It's a pretty amazing business, when you think about how much you pay per
Ethernet port to run your business, and how much goes to Cisco, and what it
costs to make that equipment. Think about what you pay for a firewall, router,
switch vs. a server.

But software-defined networking seems like a paradigm shift that will be
rather disruptive. Just makes no sense to buy all those firewall, router, and
switch boxes, when they could all be virtualized and integrated (like VMware
did to servers, and they want to do to networks with the Nicira SDN
acquisition).

Meanwhile, Cisco makes a lot of acquisitions, many of which seem pretty
stupid: Scientific-Atlanta and NDS, just when cable TV is about to get its
lunch eaten by over-the-top; Flip video camera (Pure Digital) just when it's
about to become an iPhone feature (and I guess they couldn't turn it into
GoPro)

Then they bought back $70b worth of stock since the dot-com crash, distributed
a rather hefty chunk of that to management. Enterprise value down to $96b.

So...could be a great business but not sure it's a great strategy or great
management.

------
nrao123
This is a must read article for anybody Trying to understand what's going on
in the hardware / server side for enterprise IT.
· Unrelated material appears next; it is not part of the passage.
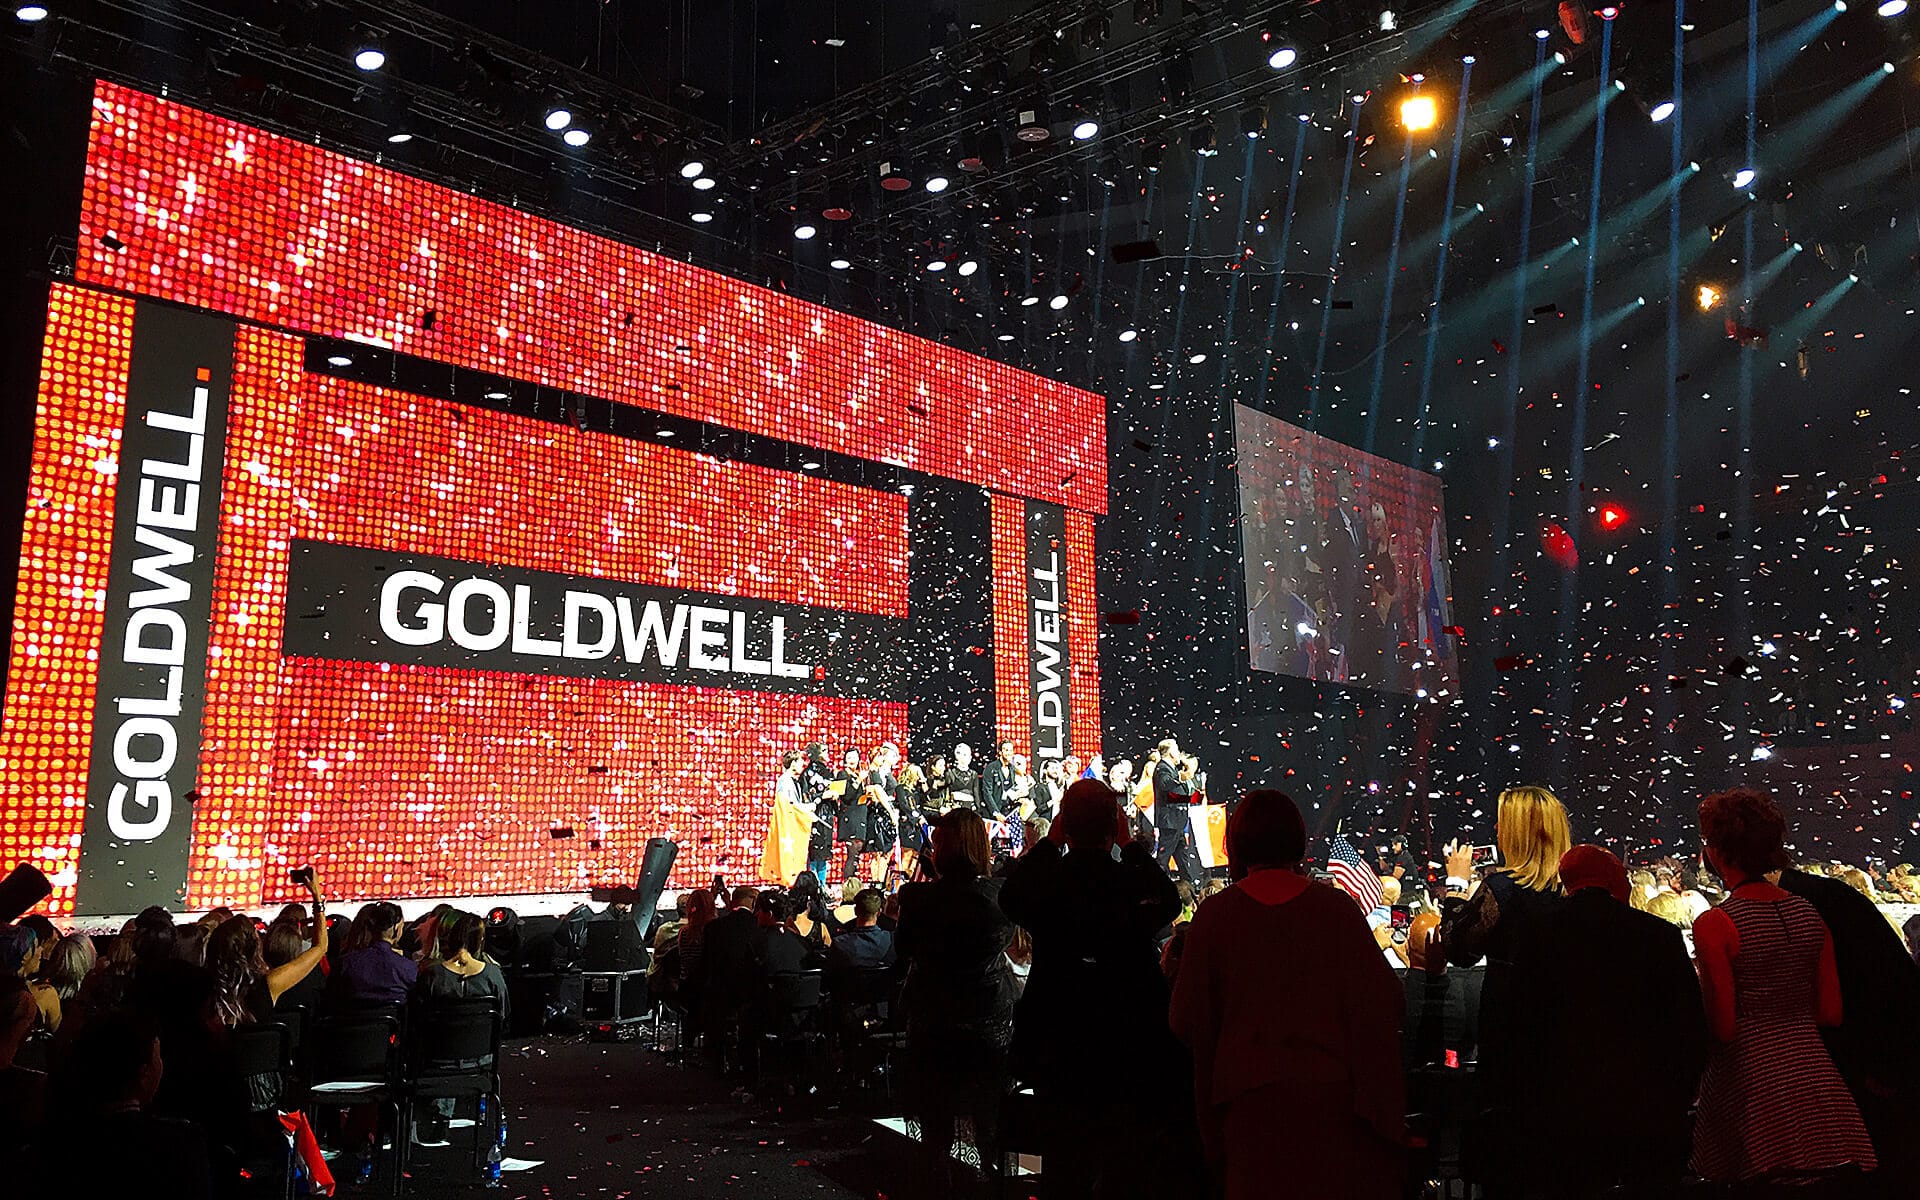 Stora LED-skärmar på scenen till Goldwell Global Zoom i Globen / Avicii Arena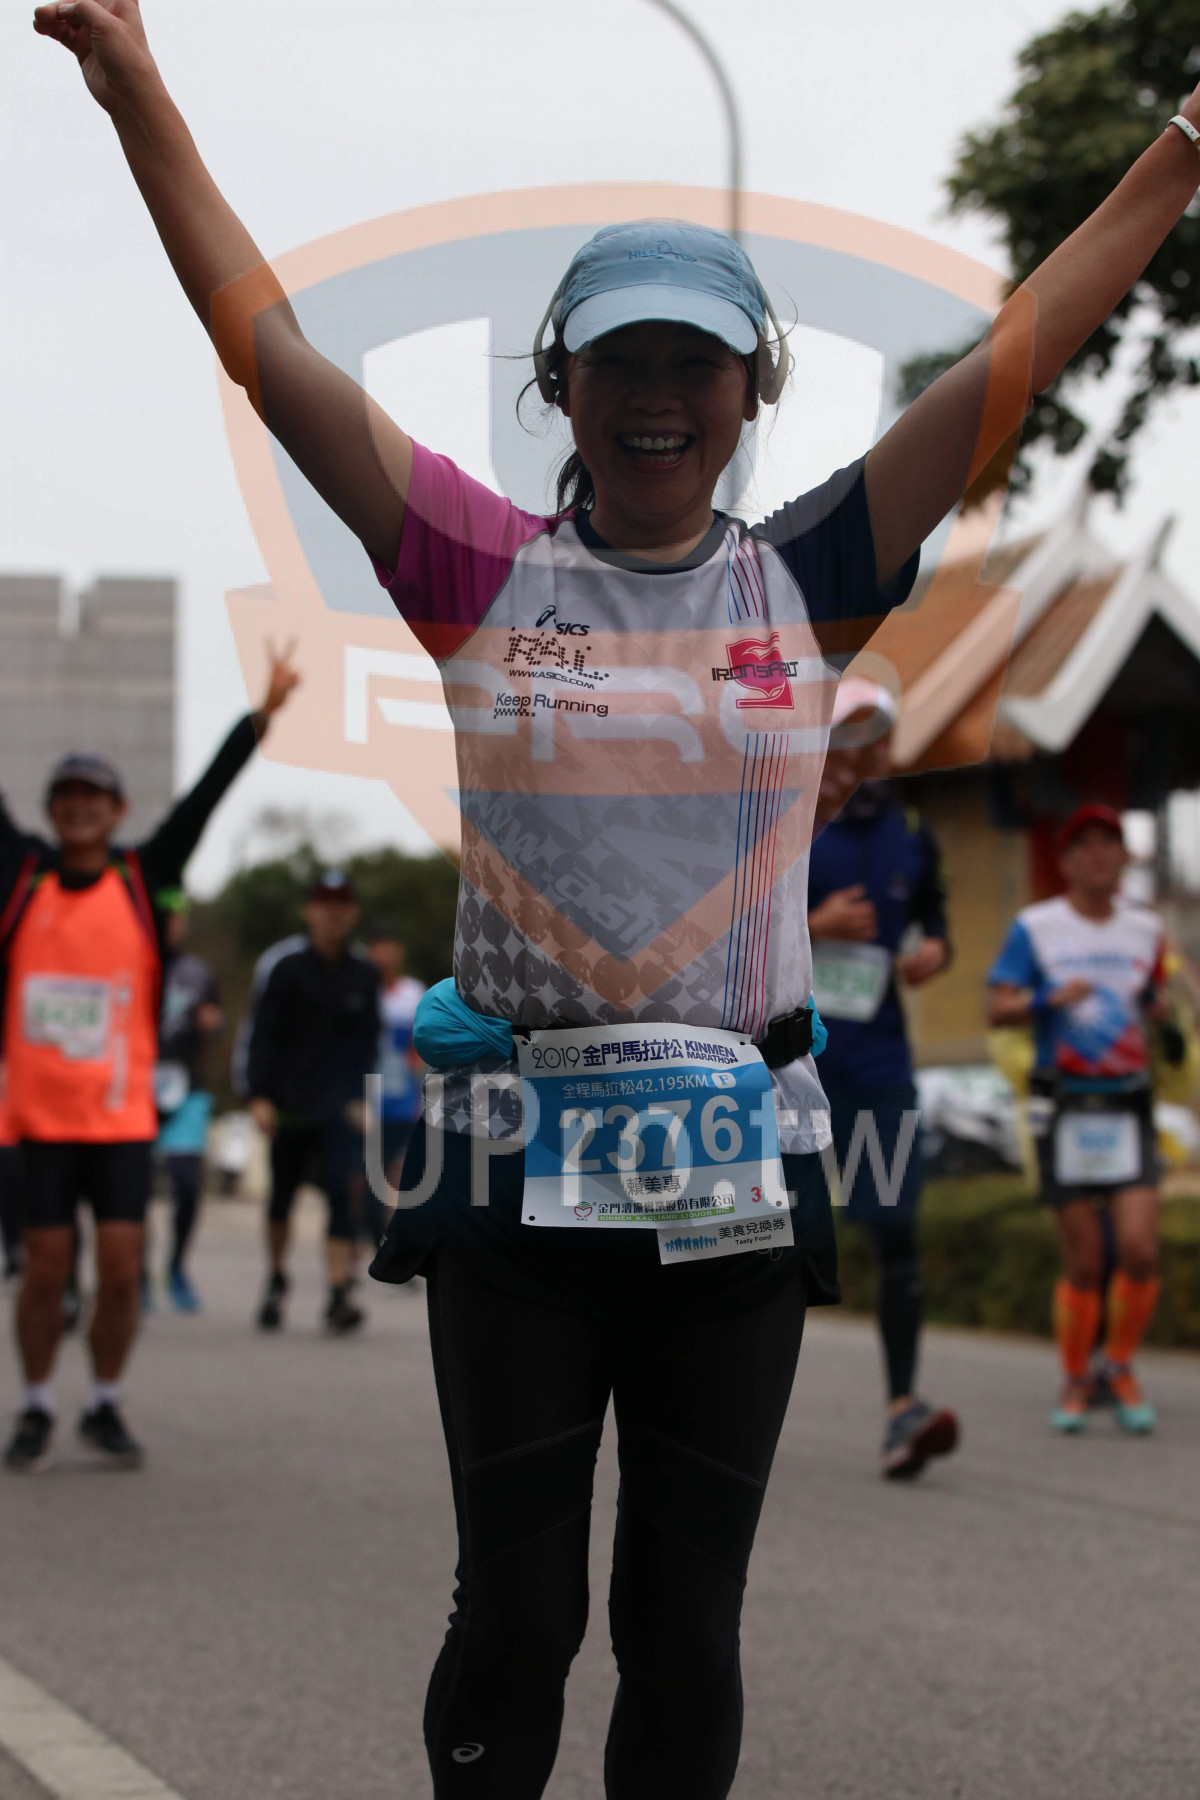 Keep Running,·201951:,42.195 KM,2376,,ず,,,mhthfry |

Cisco's bet seems to be that they can't do anything about hyper scale data
centers (AWS, google, Azure, Facebook etc) since they will have the scale to
design their own hardware.

So- they are going after large enterprises that want to still have their own
servers. In this market they seem to be growing.

But - their strategy reminds of me Of trying to provide the most efficient
newspaper printing machine just before the printed newspaper itself gets
killed.

Two points supporting the newspaper analogy:

1) If the applications themselves (SalesForce, workday, Successfactors etc)
are moving to the cloud & delivered from their own servers or AWS, Then won't
the overall demand for enterprise hardware Itself reduce?

2) Even if companies want their own custom Computing resources (e.g.
Analytics) - won't These sub-scale enterprises themselves go with The hyper
scale data centers (AWS, azure etc) ? What on earth makes these enterprise
companies believe That they can take Cisco hardware & believe that they Can be
more cost efficient than AWS/Azure.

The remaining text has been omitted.